- **WHAT THE EXERCISE ASKS**
Reproduce, exactly and in full, the lines from the one with "Coloring Elephants. Category" through the one with "UFC Venum Performance" in the data below; drop pictures.

- **RECORDS SHOWN**
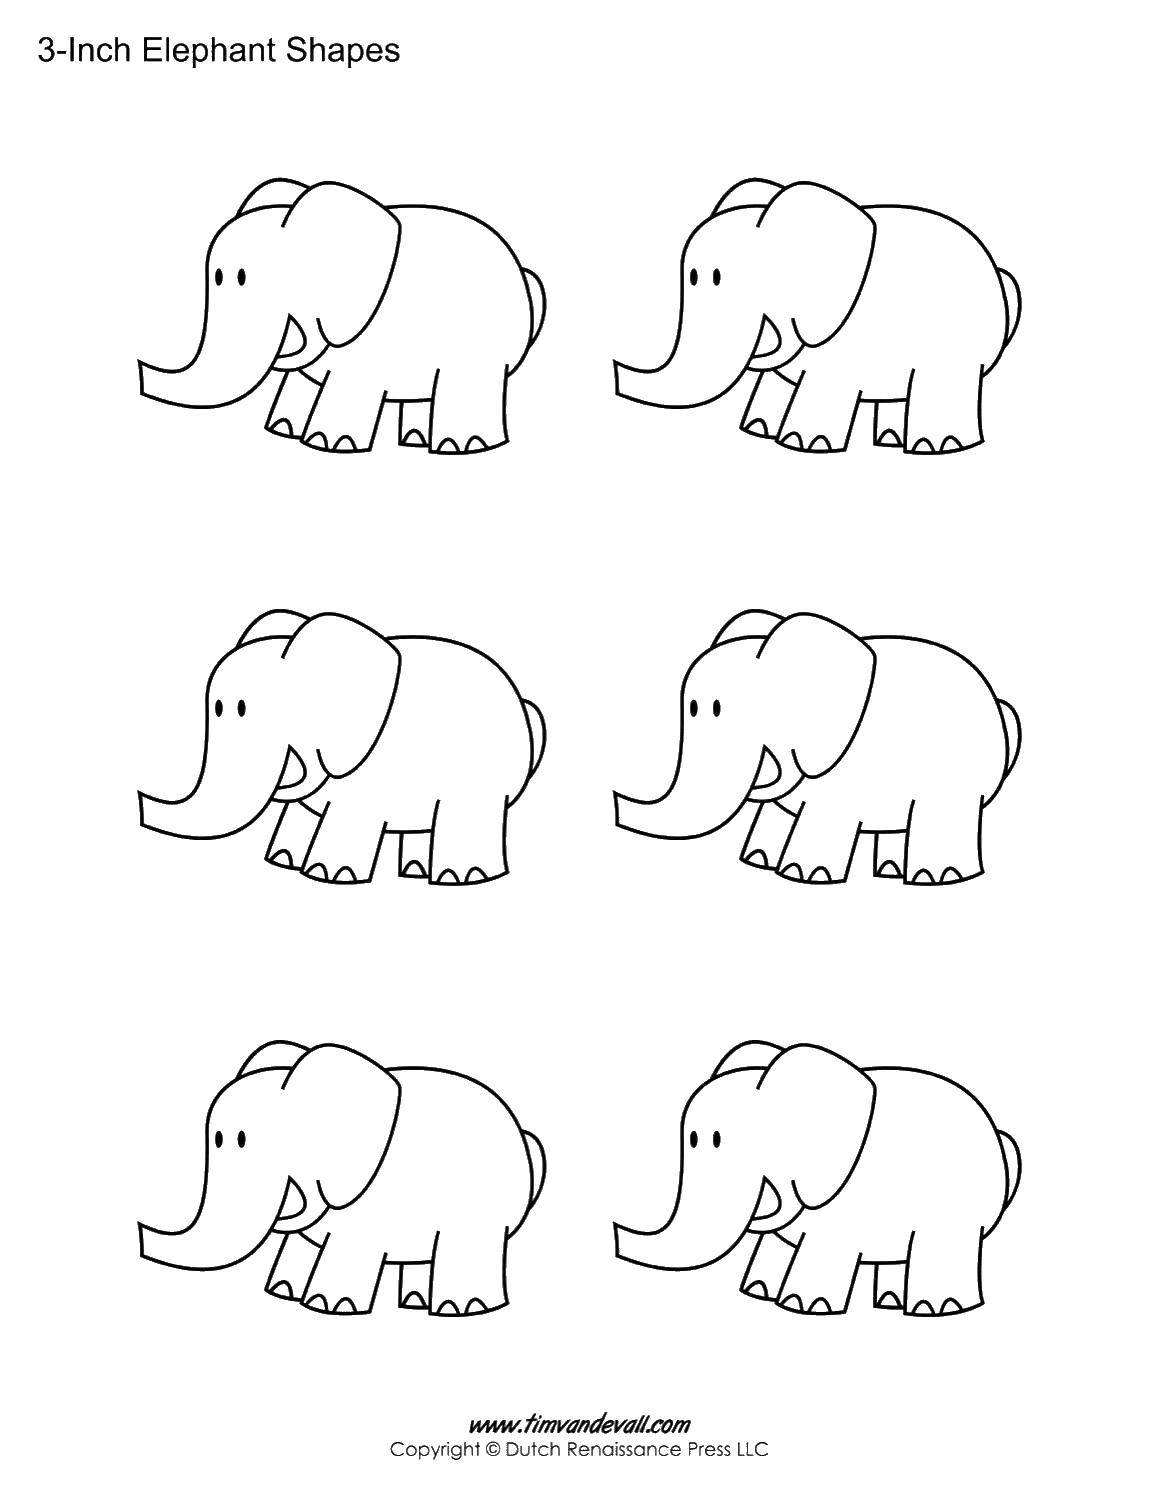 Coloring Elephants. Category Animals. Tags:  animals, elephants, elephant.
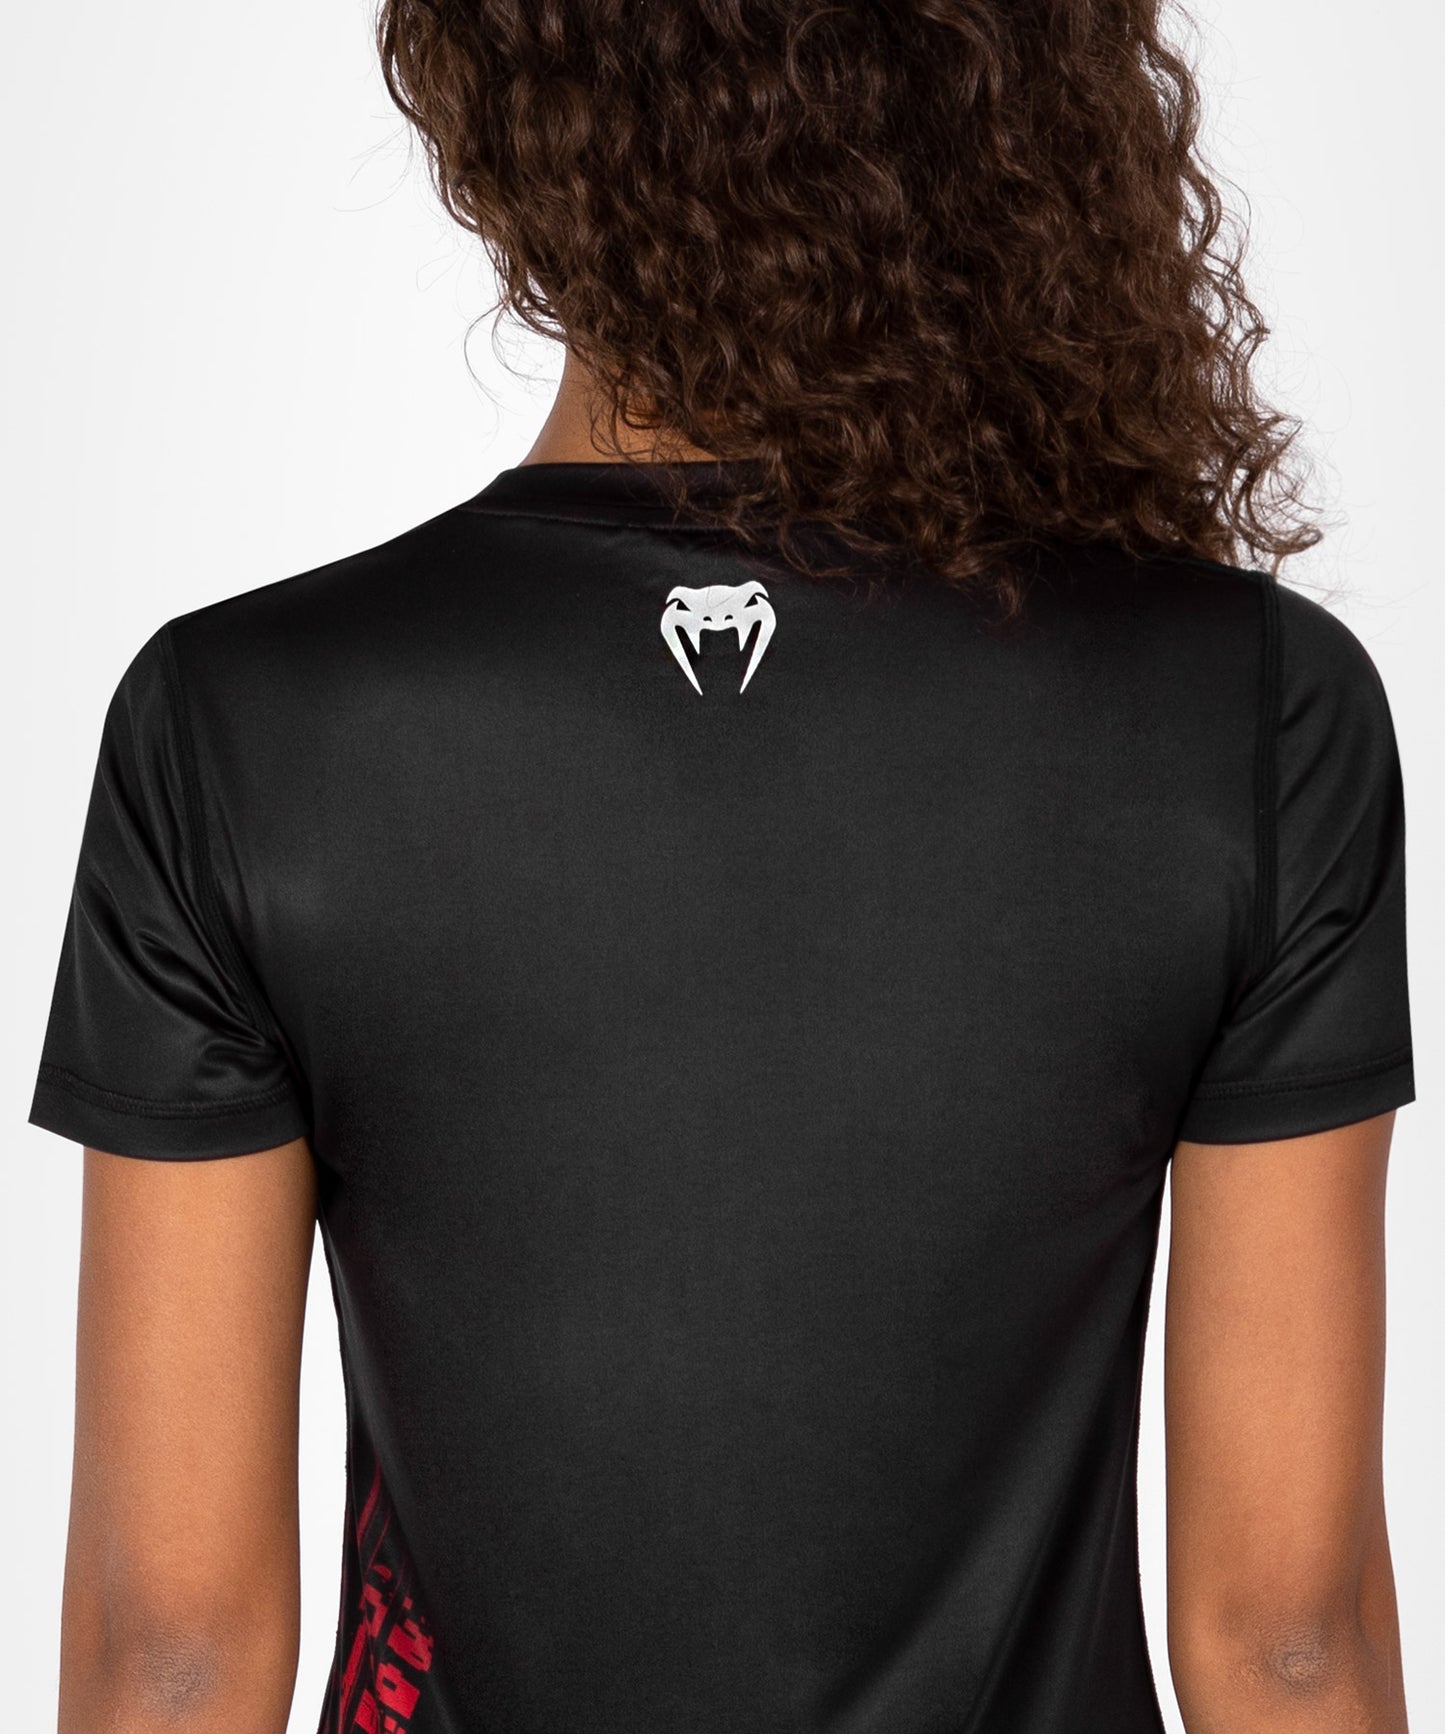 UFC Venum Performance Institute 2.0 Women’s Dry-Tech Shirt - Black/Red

==

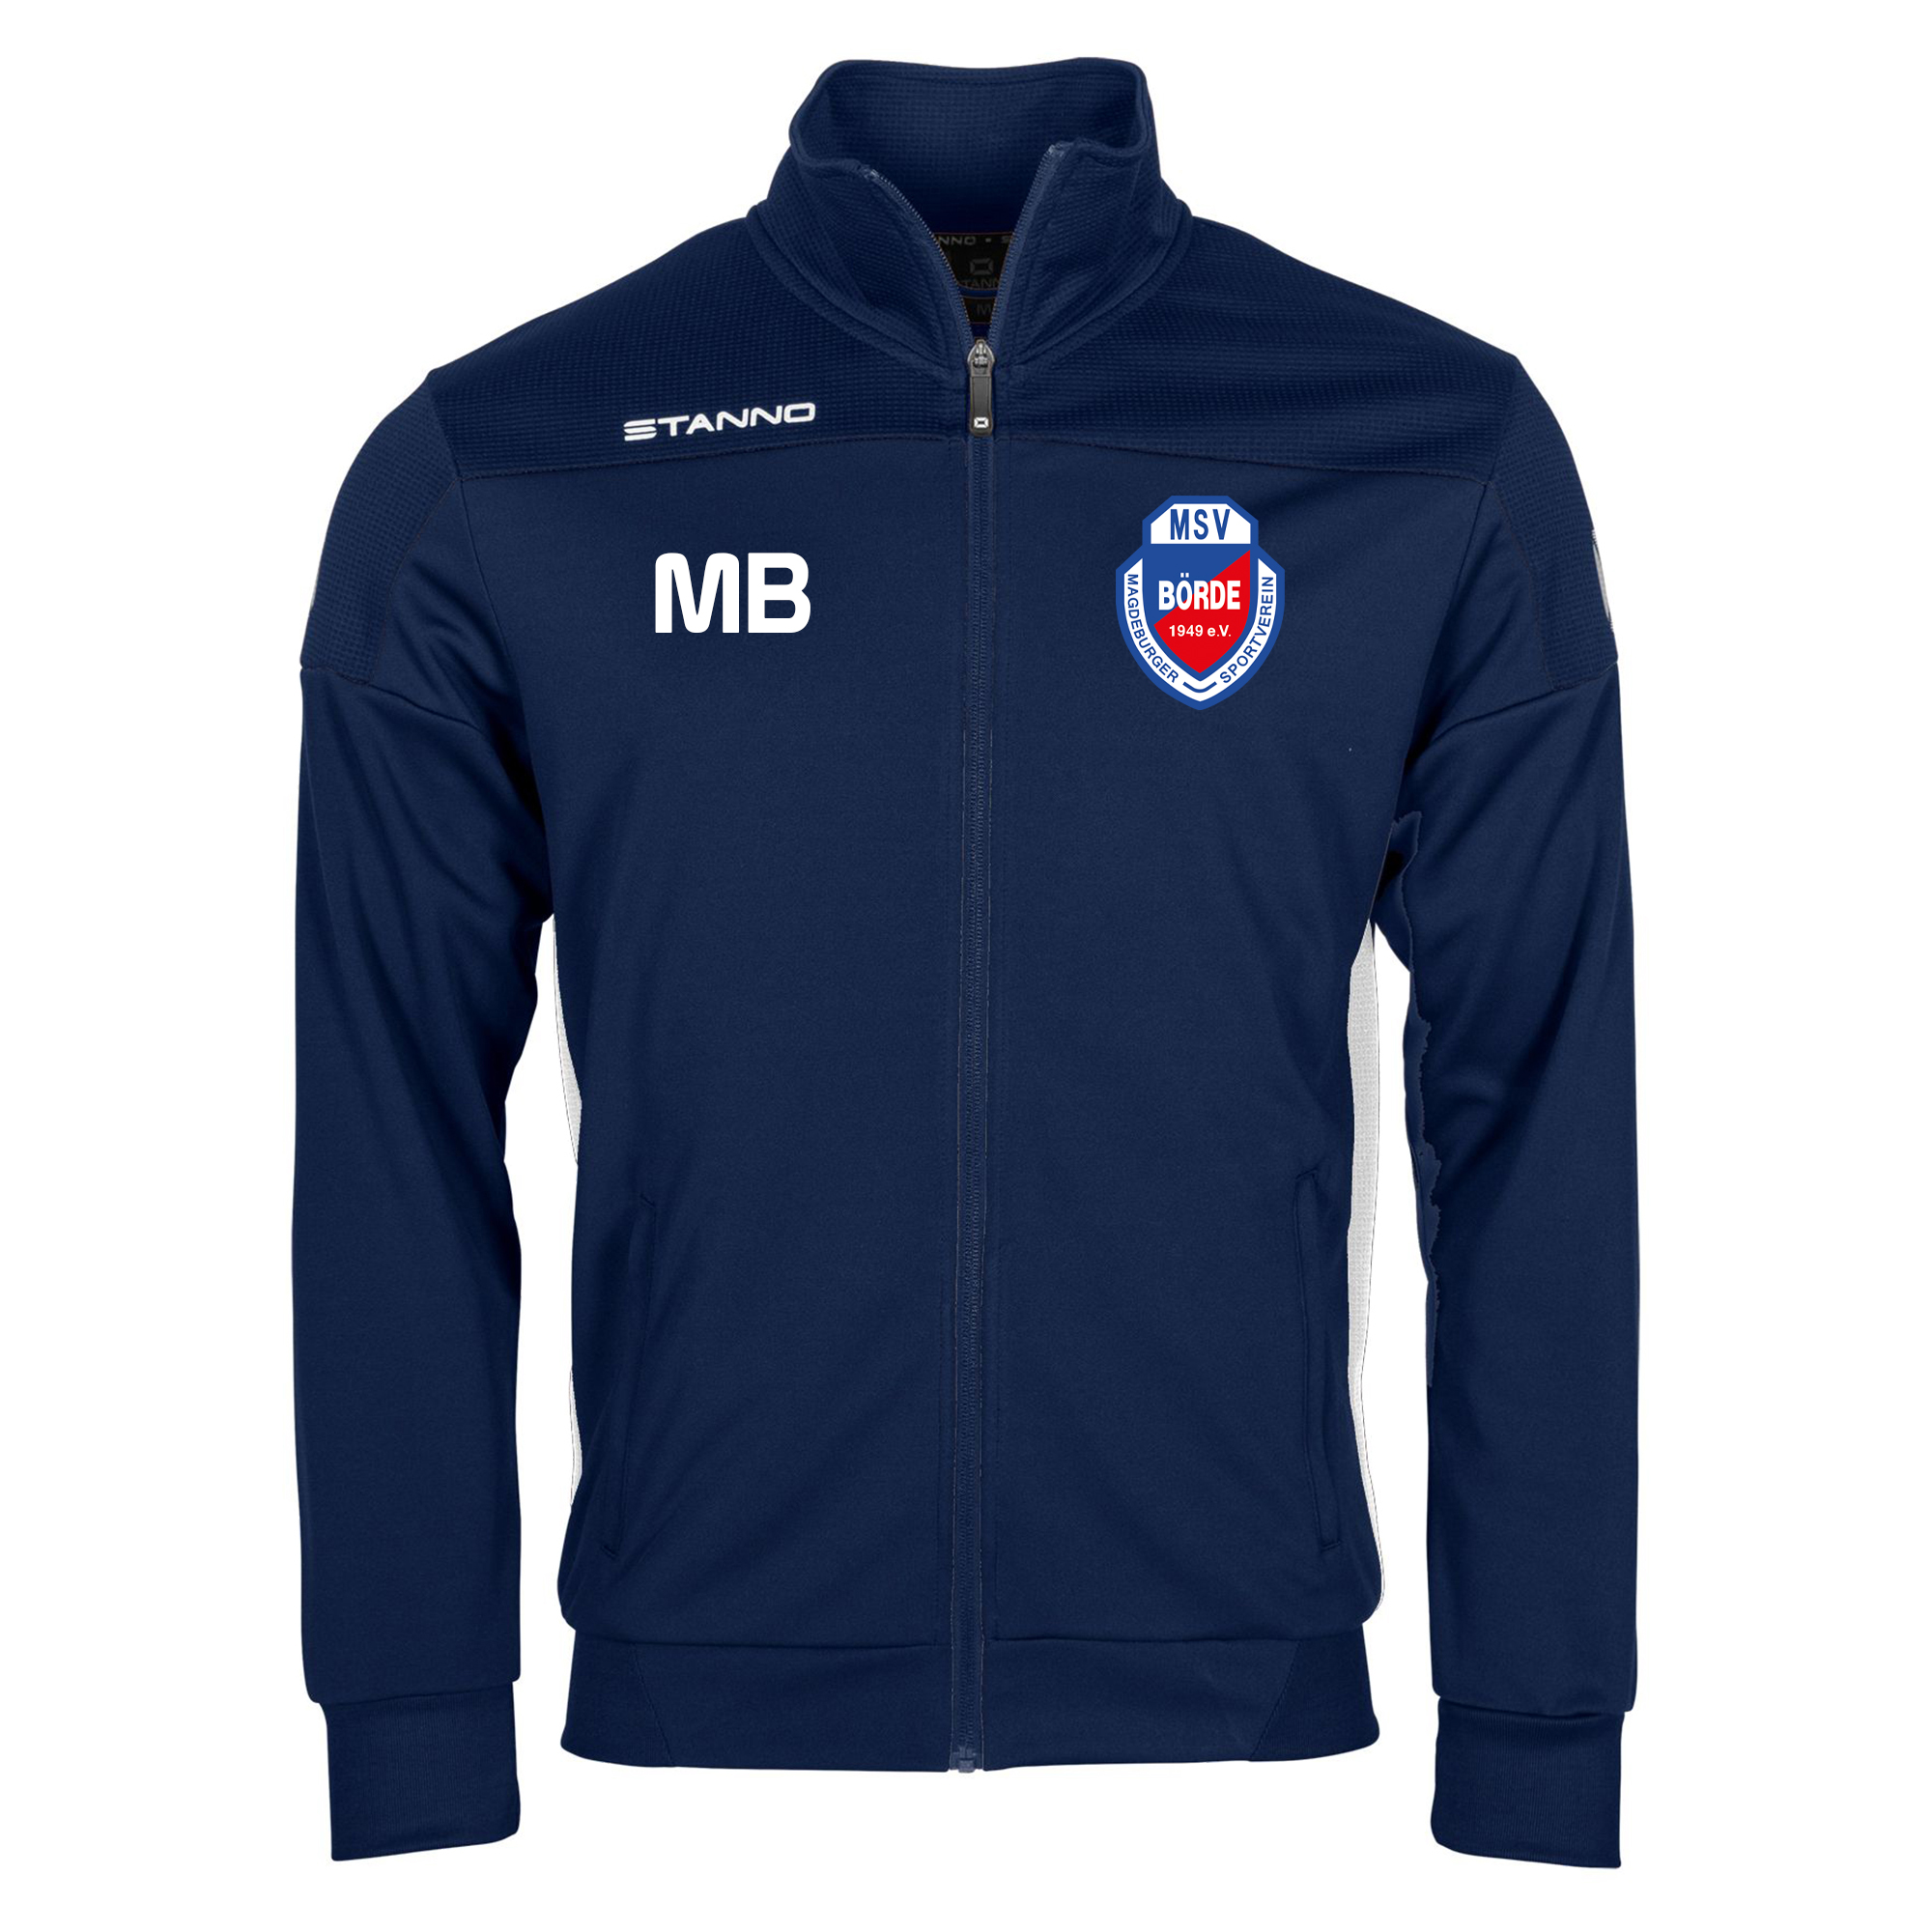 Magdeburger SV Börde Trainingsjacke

- **TASK OUTPUT**
 Coloring Elephants. Category Animals. Tags:  animals, elephants, elephant.
 UFC Venum Performance Institute 2.0 Women’s Dry-Tech Shirt - Black/Red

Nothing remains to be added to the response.